Hi, I’m Kaya Collins. I’m 17 years old and soon starting my senior year at Forsyth Central High School. I’ve lived in Forsyth County my entire life and I love it but can’t wait to leave and experience more. I have one younger brother starting 8th grade in the fall and a dog named Ozzy. My dad is from upstate New York and my mom is actually from Poland. Having a parent who came to the U.S. on her own at an age younger than I am now has completely changed my perspective on the world, people and how to live your life fully. I’ve learned that anything really is possible and if you want to do something badly enough in your life, you’re able to accomplish it if you try. I also think it’s really important to find something that you love to do the rest of your life instead of working mindlessly at a job you dread until retirement.

I don’t actually plan on going into journalism once I graduate high school. I’ve always struggled with not being good at the things I enjoyed and then being good at things I don’t have a huge passion for. The closest I got to finding something that checked both of those boxes was writing. Specifically writing for absolutely anything sports related – sports journalism. That was it, my plan. I figured I could be decent at it and wouldn’t mind pursuing a career in it for the rest of my life. Then came the questions and grilling. Adults always asking, “So what job do you want to have?” or “Where is that job going to take you and what do you want it to do for you?”, and then one day somebody asked me why. “Why do you want to write?”. I couldn’t come up with an answer. That’s how I knew I wasn’t going to write for the rest of my life. I have so much respect for good writers and I enjoy it myself, but I was finally able to decide that it wasn’t truly a career I saw myself in.

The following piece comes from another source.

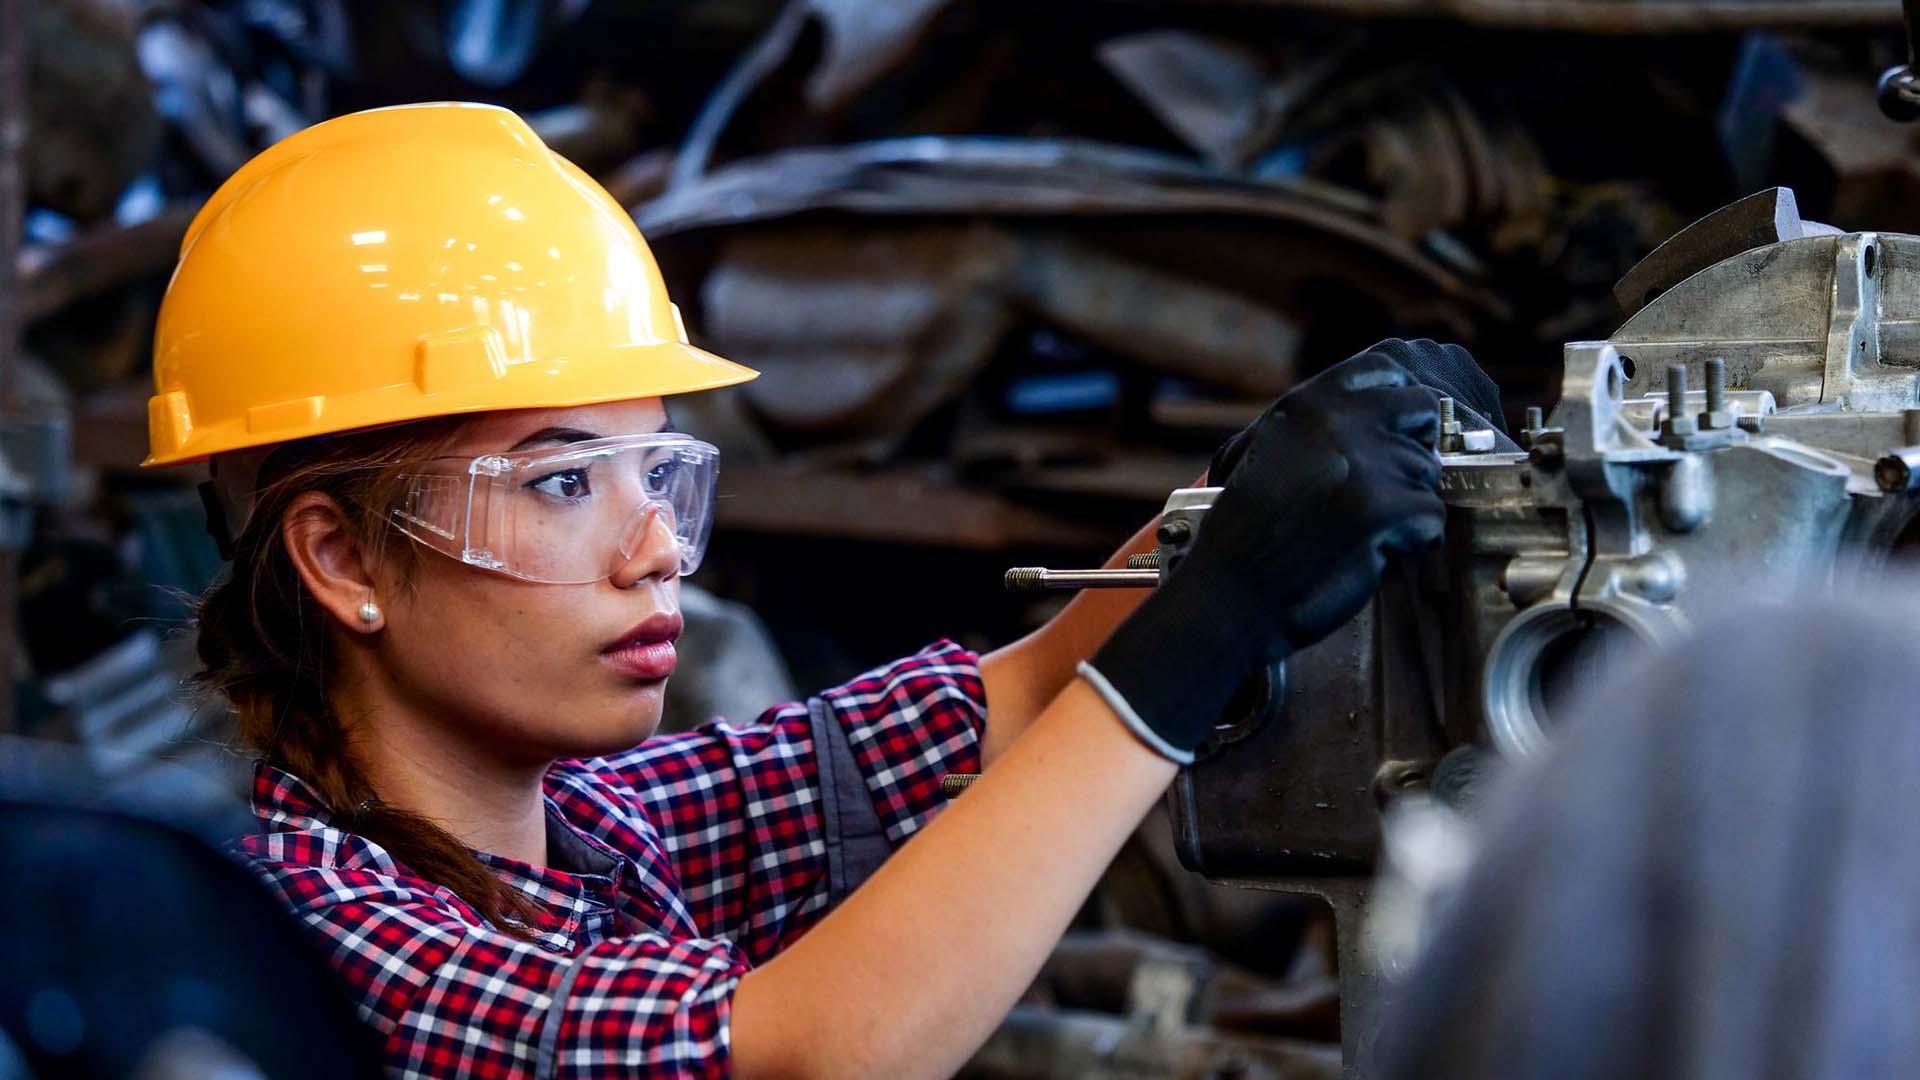 Female mechanic working on a vehicle

I do also play a sport. I’ve run three years so far for our high school track and field team and it’s the most incredible experience. The connections that you make with people from the long meets and cold practices together are something so valuable that it’s hard to express. The thought of next year being our last together is almost crippling. I really don’t know who I would be without running and the people I met through it so it will always be a little part of any personal statements or pieces I write.
I may not become a writer but writing will always be apart of me and act as an outlet for all of the stories that I’ll experience and collect as I keep getting older.